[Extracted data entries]
★ ★ ★

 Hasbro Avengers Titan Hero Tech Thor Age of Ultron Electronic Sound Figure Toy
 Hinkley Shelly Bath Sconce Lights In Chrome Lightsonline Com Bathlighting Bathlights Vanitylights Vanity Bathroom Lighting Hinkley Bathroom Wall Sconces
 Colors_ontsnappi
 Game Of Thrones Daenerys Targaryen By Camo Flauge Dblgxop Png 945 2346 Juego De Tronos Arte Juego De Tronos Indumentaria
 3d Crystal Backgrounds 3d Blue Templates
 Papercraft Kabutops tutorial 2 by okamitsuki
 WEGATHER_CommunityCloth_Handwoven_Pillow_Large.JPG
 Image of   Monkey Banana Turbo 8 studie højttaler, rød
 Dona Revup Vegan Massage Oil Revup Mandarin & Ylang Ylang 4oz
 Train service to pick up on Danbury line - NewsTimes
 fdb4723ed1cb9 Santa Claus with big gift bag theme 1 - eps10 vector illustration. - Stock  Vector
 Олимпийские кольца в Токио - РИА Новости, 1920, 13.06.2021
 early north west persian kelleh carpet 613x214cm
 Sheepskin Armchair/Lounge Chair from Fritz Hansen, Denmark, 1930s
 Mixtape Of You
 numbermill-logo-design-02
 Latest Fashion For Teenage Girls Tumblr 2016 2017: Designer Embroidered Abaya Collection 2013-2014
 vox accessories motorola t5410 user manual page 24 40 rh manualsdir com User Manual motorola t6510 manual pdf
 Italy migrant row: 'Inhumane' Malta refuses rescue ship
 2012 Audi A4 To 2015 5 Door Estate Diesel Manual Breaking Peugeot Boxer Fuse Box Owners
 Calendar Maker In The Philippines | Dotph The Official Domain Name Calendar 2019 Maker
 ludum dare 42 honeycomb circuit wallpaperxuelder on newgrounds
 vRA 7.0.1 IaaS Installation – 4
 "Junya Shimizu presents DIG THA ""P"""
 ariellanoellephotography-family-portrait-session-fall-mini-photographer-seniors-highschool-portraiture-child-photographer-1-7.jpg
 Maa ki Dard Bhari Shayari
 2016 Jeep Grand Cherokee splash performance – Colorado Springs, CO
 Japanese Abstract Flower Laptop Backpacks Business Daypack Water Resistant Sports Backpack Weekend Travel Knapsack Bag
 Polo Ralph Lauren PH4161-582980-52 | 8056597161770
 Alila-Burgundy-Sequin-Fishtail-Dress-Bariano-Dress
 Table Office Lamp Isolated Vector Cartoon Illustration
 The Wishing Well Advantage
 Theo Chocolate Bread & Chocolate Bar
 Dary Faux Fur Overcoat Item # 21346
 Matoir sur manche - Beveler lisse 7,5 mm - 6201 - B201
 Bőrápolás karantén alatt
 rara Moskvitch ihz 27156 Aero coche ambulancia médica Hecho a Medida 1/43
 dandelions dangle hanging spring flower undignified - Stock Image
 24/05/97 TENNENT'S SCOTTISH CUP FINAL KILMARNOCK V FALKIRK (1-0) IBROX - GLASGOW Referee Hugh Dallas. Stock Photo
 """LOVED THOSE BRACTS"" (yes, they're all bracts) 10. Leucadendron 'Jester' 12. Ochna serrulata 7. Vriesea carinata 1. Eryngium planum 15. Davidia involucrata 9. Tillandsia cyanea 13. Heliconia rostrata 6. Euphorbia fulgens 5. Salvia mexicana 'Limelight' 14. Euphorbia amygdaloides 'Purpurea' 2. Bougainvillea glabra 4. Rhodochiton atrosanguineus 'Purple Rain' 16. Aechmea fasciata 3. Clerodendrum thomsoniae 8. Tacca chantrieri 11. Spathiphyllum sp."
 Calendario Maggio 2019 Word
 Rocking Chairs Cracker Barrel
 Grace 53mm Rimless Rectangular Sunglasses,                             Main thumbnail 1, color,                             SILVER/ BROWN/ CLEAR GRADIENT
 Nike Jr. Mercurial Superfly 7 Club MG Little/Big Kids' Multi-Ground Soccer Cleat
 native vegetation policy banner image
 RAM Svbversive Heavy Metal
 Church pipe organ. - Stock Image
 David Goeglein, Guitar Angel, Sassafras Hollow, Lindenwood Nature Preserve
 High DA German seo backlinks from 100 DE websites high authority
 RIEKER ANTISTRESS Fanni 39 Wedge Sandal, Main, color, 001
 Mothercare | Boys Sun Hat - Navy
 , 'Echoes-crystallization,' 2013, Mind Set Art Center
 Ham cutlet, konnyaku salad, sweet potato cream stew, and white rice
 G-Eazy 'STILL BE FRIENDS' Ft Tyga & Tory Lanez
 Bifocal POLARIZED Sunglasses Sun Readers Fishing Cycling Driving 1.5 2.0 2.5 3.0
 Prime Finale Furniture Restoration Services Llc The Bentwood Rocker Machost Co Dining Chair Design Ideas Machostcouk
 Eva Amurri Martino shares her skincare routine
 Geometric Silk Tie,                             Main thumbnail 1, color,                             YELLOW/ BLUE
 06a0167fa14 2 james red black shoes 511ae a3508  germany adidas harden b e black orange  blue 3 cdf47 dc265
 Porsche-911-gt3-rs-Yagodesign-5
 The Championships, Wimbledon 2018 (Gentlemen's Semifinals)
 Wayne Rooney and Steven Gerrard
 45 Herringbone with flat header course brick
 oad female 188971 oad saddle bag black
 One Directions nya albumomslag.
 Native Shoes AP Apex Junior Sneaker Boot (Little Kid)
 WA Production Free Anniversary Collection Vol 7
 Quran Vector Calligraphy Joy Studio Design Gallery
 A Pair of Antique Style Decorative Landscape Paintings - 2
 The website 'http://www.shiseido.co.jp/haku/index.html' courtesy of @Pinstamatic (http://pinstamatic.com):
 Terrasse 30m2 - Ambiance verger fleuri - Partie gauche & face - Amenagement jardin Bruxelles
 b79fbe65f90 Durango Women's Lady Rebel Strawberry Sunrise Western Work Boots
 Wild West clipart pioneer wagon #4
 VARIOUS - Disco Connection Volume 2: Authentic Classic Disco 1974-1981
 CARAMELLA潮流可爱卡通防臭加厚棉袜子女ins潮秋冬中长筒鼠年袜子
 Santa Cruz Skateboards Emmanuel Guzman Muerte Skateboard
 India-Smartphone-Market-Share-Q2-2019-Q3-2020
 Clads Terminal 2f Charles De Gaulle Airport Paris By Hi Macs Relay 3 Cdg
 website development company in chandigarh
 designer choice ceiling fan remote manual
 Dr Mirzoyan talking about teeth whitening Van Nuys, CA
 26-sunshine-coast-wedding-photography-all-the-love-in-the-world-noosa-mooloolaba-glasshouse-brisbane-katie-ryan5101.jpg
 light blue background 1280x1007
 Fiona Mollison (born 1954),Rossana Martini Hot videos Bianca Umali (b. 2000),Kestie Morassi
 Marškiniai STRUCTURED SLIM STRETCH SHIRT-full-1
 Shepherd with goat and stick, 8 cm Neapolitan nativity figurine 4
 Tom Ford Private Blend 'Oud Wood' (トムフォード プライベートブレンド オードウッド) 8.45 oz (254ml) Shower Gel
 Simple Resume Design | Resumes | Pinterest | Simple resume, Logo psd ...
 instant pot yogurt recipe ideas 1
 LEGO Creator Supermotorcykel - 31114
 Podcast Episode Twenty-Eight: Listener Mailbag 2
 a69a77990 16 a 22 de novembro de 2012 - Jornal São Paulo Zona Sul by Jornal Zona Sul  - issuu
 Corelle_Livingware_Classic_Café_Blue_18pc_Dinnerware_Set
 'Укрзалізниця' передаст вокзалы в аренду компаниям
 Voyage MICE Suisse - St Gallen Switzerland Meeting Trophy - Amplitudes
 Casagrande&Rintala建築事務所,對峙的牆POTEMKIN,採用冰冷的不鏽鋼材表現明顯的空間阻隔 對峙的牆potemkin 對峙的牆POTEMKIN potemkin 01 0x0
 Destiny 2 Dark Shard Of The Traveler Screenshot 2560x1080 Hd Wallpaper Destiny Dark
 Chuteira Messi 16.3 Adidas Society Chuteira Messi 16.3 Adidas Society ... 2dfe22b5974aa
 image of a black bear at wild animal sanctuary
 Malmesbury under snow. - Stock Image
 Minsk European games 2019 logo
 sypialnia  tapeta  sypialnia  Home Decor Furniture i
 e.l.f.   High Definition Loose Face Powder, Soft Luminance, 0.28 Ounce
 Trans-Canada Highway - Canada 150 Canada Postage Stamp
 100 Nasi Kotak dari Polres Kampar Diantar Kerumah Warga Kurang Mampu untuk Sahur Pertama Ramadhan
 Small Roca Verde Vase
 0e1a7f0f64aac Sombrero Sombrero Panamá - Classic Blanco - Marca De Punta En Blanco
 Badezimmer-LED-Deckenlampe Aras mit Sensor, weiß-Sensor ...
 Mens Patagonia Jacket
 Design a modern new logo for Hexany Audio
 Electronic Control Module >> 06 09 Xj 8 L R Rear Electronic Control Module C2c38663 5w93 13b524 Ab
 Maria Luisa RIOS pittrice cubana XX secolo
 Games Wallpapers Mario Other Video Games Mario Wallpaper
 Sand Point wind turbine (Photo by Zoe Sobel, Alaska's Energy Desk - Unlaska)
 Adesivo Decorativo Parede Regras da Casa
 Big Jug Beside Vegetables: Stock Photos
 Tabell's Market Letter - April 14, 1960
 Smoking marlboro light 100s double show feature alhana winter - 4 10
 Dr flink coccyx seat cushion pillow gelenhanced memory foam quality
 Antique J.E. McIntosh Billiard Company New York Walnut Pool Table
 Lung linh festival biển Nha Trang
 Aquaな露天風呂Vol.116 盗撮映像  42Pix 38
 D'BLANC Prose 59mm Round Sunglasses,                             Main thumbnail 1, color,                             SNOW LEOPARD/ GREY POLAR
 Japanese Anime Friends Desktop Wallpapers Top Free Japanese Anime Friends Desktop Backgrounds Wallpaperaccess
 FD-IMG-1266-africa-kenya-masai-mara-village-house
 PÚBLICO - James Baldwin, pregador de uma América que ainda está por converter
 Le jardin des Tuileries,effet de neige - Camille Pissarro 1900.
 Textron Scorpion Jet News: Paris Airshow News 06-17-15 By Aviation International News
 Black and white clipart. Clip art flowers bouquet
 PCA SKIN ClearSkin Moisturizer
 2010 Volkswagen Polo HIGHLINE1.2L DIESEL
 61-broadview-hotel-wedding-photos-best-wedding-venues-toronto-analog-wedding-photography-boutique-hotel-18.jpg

★ ★ ★

**About this task:**
In the records above, the line with "designer choice ceiling fan remote manual" marks the start and the line with "Voyage MICE Suisse" marks the end; copy that stretch exactly, both lines included, and nothing else.

**Your solution:**
 designer choice ceiling fan remote manual
 Dr Mirzoyan talking about teeth whitening Van Nuys, CA
 26-sunshine-coast-wedding-photography-all-the-love-in-the-world-noosa-mooloolaba-glasshouse-brisbane-katie-ryan5101.jpg
 light blue background 1280x1007
 Fiona Mollison (born 1954),Rossana Martini Hot videos Bianca Umali (b. 2000),Kestie Morassi
 Marškiniai STRUCTURED SLIM STRETCH SHIRT-full-1
 Shepherd with goat and stick, 8 cm Neapolitan nativity figurine 4
 Tom Ford Private Blend 'Oud Wood' (トムフォード プライベートブレンド オードウッド) 8.45 oz (254ml) Shower Gel
 Simple Resume Design | Resumes | Pinterest | Simple resume, Logo psd ...
 instant pot yogurt recipe ideas 1
 LEGO Creator Supermotorcykel - 31114
 Podcast Episode Twenty-Eight: Listener Mailbag 2
 a69a77990 16 a 22 de novembro de 2012 - Jornal São Paulo Zona Sul by Jornal Zona Sul  - issuu
 Corelle_Livingware_Classic_Café_Blue_18pc_Dinnerware_Set
 'Укрзалізниця' передаст вокзалы в аренду компаниям
 Voyage MICE Suisse - St Gallen Switzerland Meeting Trophy - Amplitudes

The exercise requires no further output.